While loading, I noticed that the skirts didn’t always want to go into the loading trough unless I pressed them in with my thumb. The trough is probably on the small side for larger pellet skirts. This made me watch that the pellets didn’t flip backwards before the bolt pushed them into the breech.
I also had plenty of time to observe the Sterling’s trigger. It seems to be a single-stage, but the pull is short enough. There’s some slight creep, but you need a target-shooter’s trigger finger to feel it. Overall, it was good enough for very precise shooting without disturbing the aim. If I pull the gauge very slowly, the trigger breaks between 2 lbs., 3 oz. and 2 lbs., 5 oz., which is plenty light enough for good work. I said it was 2 lbs., 8 ozs. in Part 3, but that was when it was pulled more deliberately. I know Vince had a hand in making it so nice, because Sterling triggers have a reputation for being crude and not so good.
JSB Exact 8.4-grain
Next I tried some 8.4-grain JSB Exact domes. They’re at the upper limit of weight of I would choose for a gun of this power, but sometimes that’s a plus. Not this time, though, because 10 went into a 0.788-inch group at 25 yards. That’s okay for many breakbarrels — but from a fixed-barrel rifle that has a Lothar Walther barrel, I expect more.
Shot cycle and hold
The Sterling shoots with a very pronounced forward jump — reminiscent of spring guns of the 1970s. It feels like the stroke is long, and the piston is heavy. On the other hand, the rifle lies completely dead in my hand, so applying the artillery hold is easy. My off hand touched the triggerguard, yet I could still feel the cocking slot of the stock on my palm. That means the stock is cut far to the back, which means Vince did a wonderful job of deadening the powerplant to get the rifle as smooth as it is. I just wish airgun makers today would go to the same trouble instead of mounting everything in rubber to deaden the vibration that’s still in their guns.
Crosman Premier lites
Next up was the venerable 7.9-grain Crosman Premier lite pellet that often wins the race in these tests. This was the only pellet of the four tested that fit into the loading trough without a push, yet it was also the pellet that gave the most trouble by flipping backwards in the trough.

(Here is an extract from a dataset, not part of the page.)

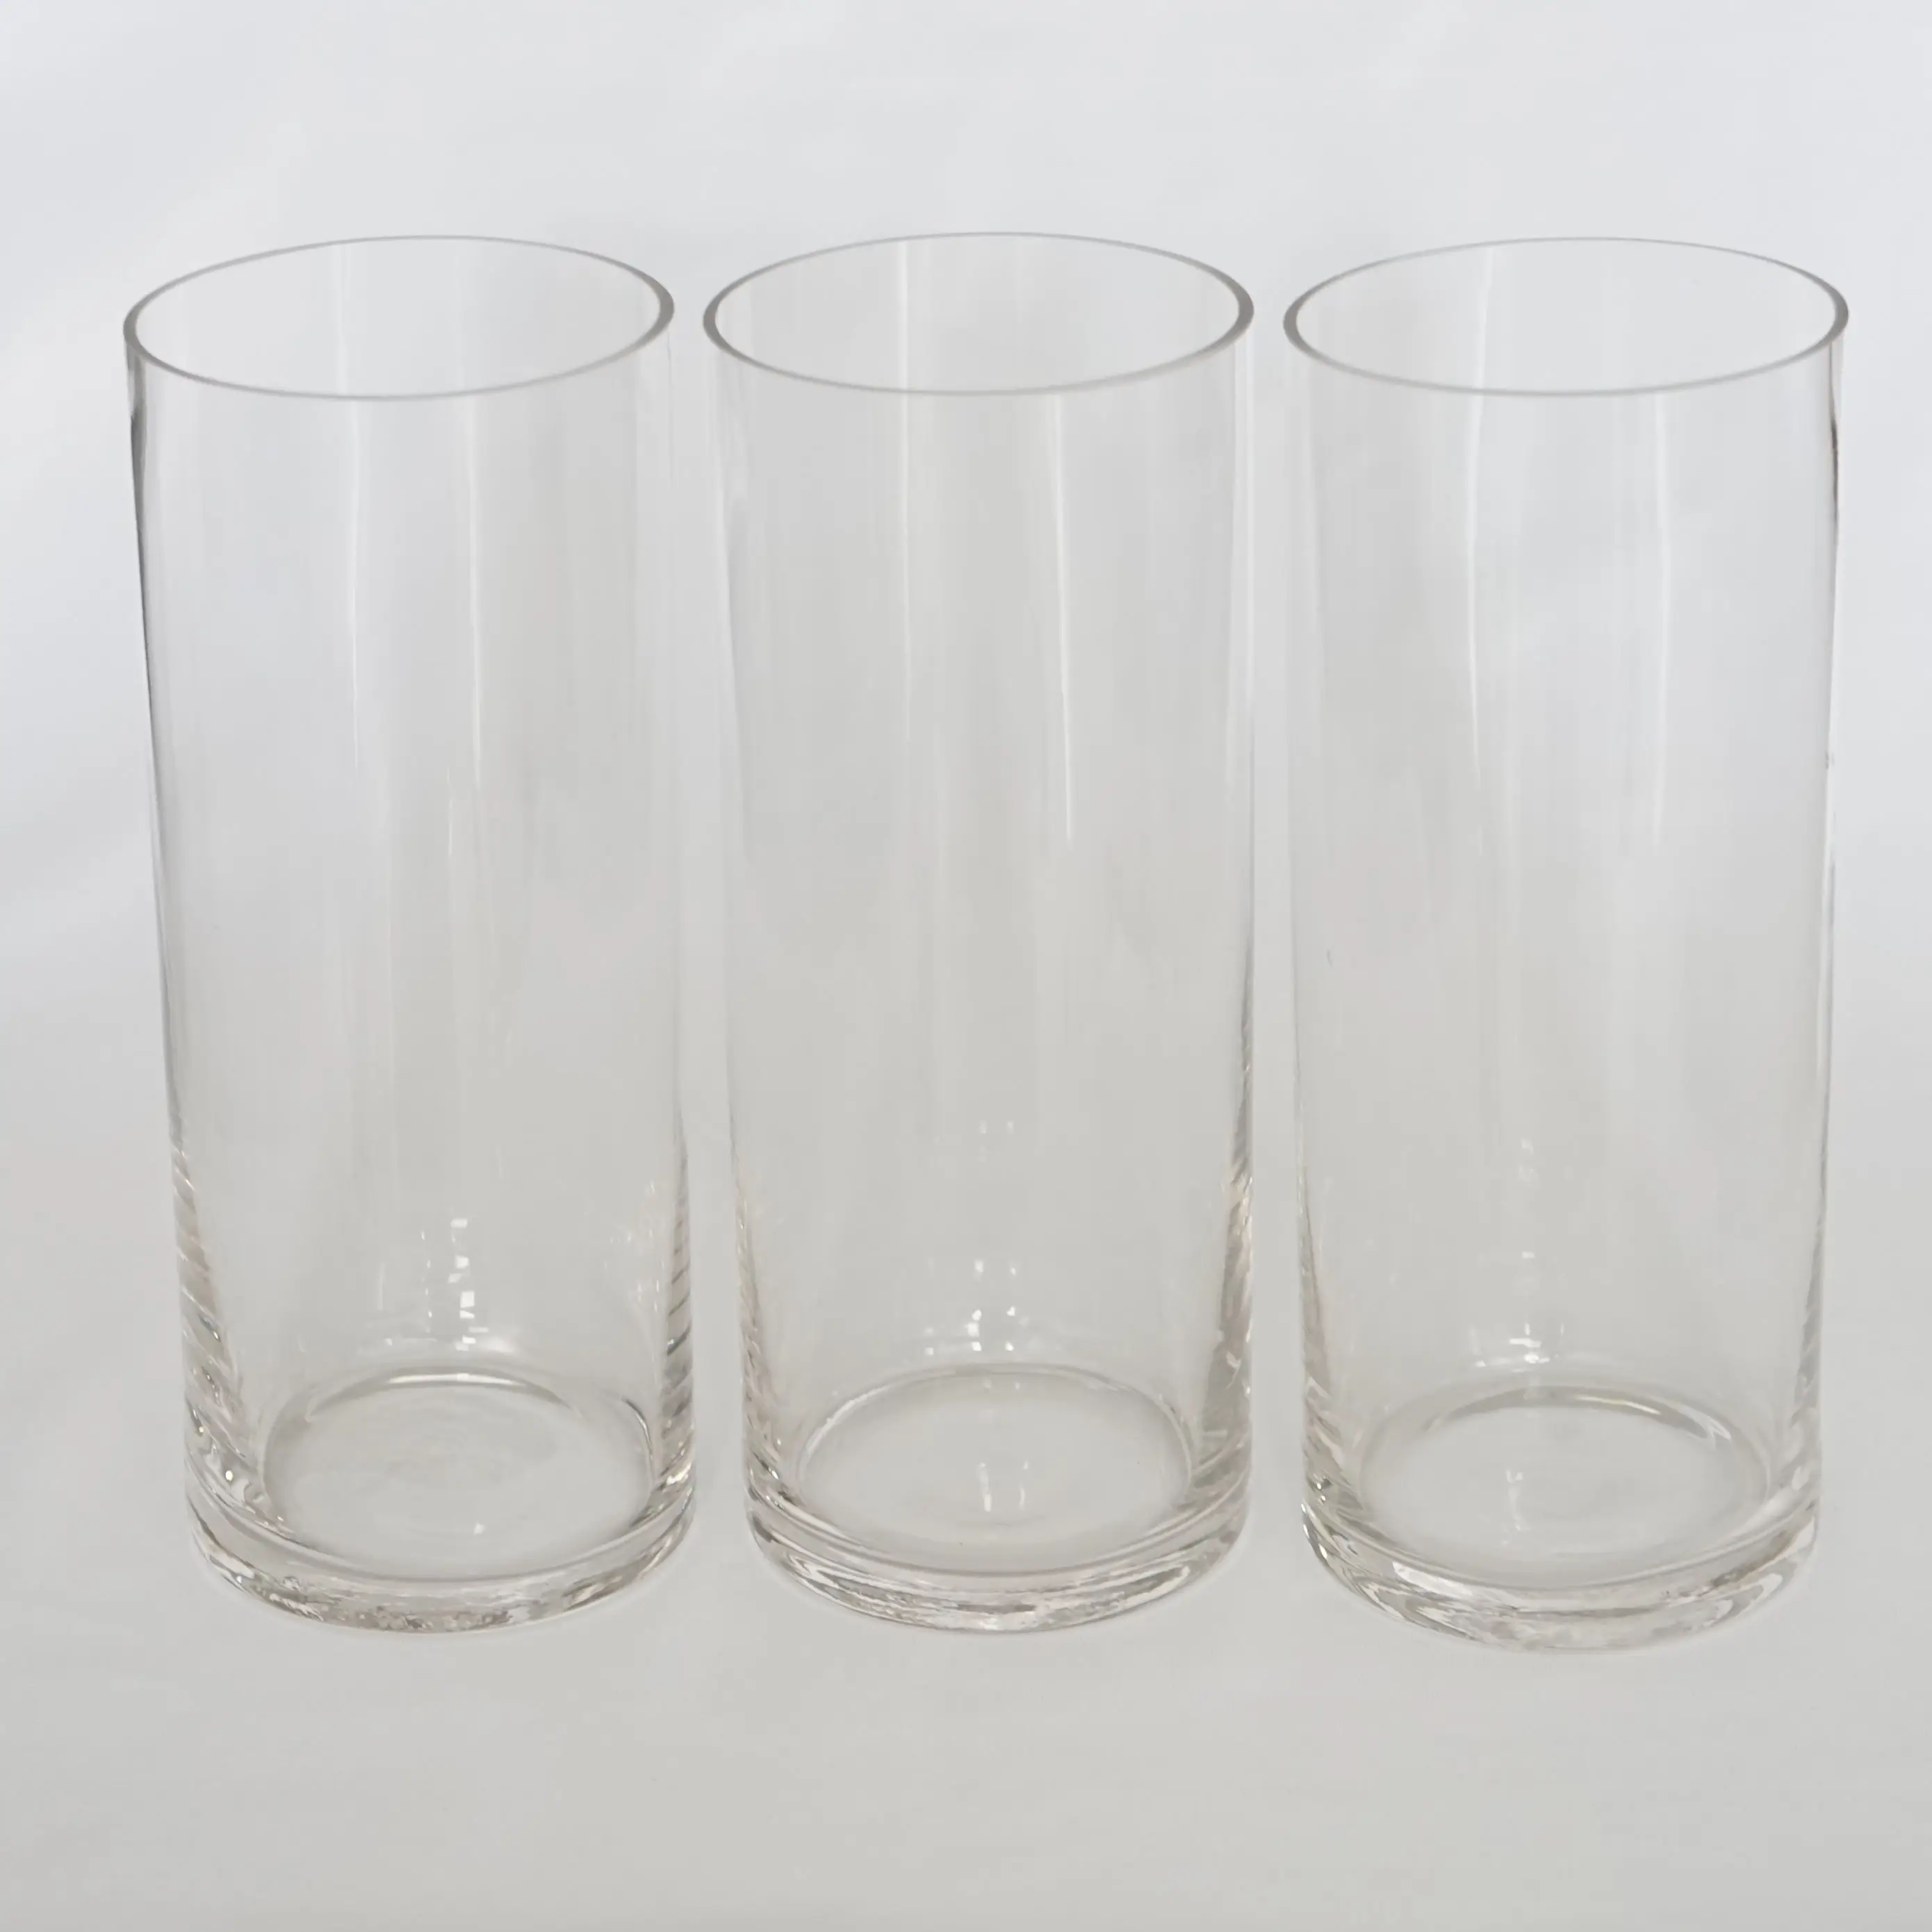 Großhandel zu Hause dekorative hohe Form anpassen klar eingerieben Glaszylinder recyceln Glas Blumenvasen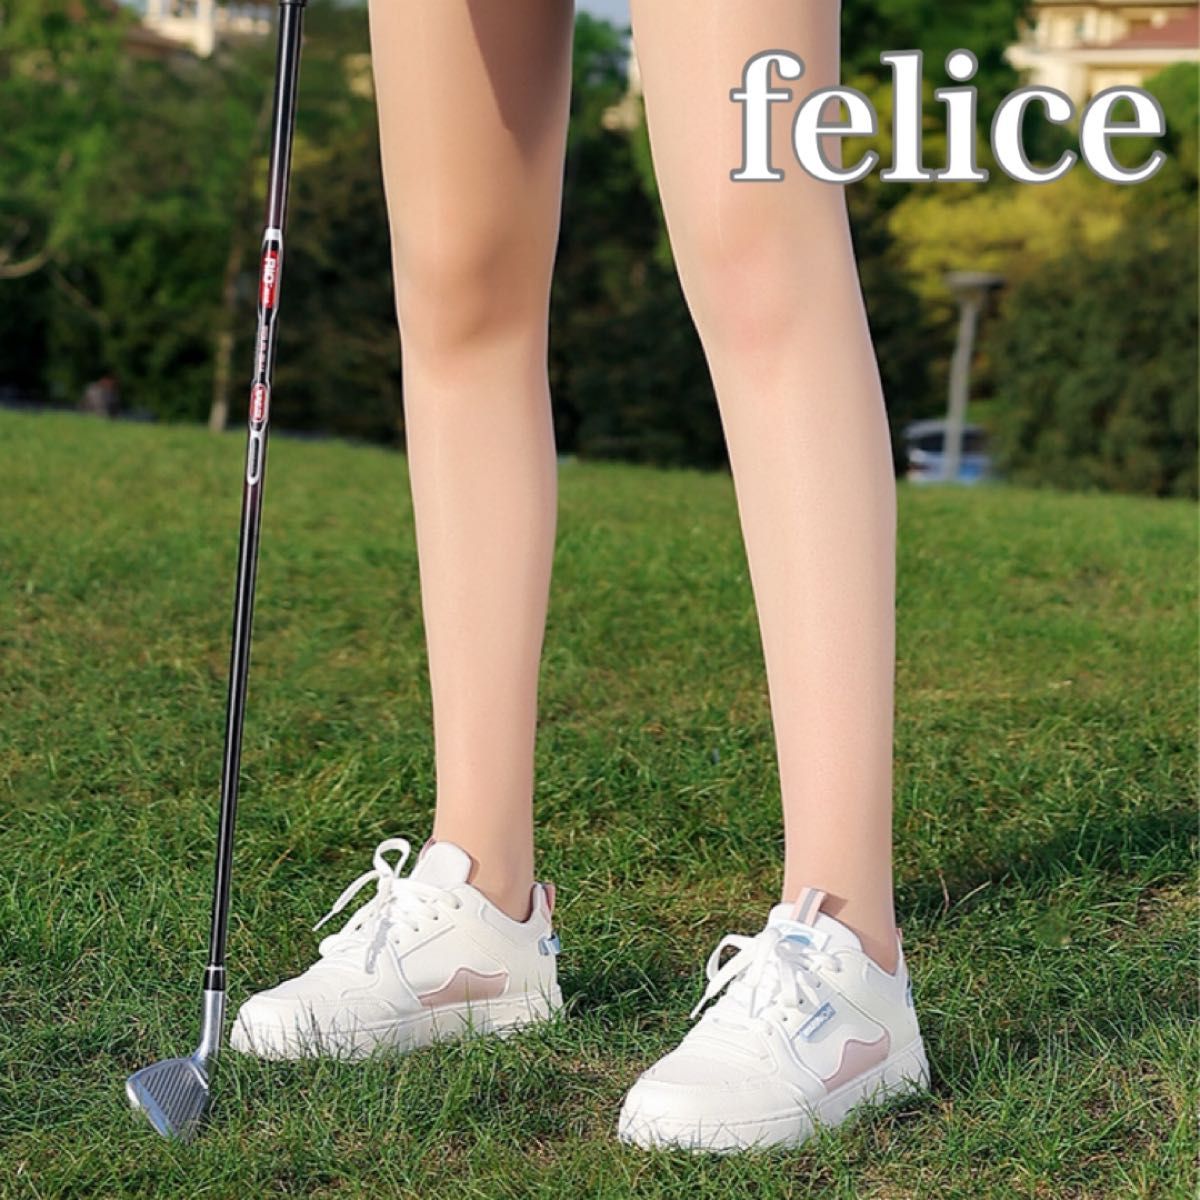 韓国 ゴルフ ウェア アームカバー ストッキング UVカット 肌色 スポーツ 美脚 美尻

This time, I got the results I was hoping for, though the group is more open than I would have liked. Look at the group and read the caption, though, because you’ll be surprised where most shots went.
More like it! The group of 10 Crosman Premier lites measures 0.606 inches between centers, but the surprise is in the largest hole in the center of the group. Six shots went through that one hole! Now, we’re talking!
Scope not mounted perfectly
By this time, I noticed that I’d mounted the scope a little too far to the rear, and the high mounts I used were not needed. Repositioning the scope in lower mounts would make the rifle easier to shoot — though I don’t think it would affect the accuracy. However, if I were to keep a scope on this rifle (and it can’t be this wonderful Hawke, as I need it for other tests) I would remount whatever scope I used.
JSB Exact RS
The last pellet I tested was the 7.33-grain JSB Exact RS. You might recall that this pellet is one of Kevin’s favorites, and we have seen it do amazing things with some spring guns in the past. The report I did a while back on the Beeman R8 was the most dramatic example of the capability of the RS.
And it didn’t disappoint this time, either! Ten RS pellets went into a group measuring just 0.41 inches at 25 yards! That’s game, set and match as far as I’m concerned. The Benjamin Sterling has proven itself to be a very accurate underlever spring rifle that warrants special attention from shooters as well as collectors.
This test series has been long and rewarding. Thanks to Vince, we now know what a Benjamin Sterling can do under the right conditions. I’m sorry this rifle is no longer available. Except for the lower power and stiffer trigger, it could hold its own with a TX200. When I usually do these reports on vintage airguns, we get to see a lot of warts, but the Sterling doesn’t have as many as I was prepared to see. Without a doubt, Vince’s work has a lot to do with that.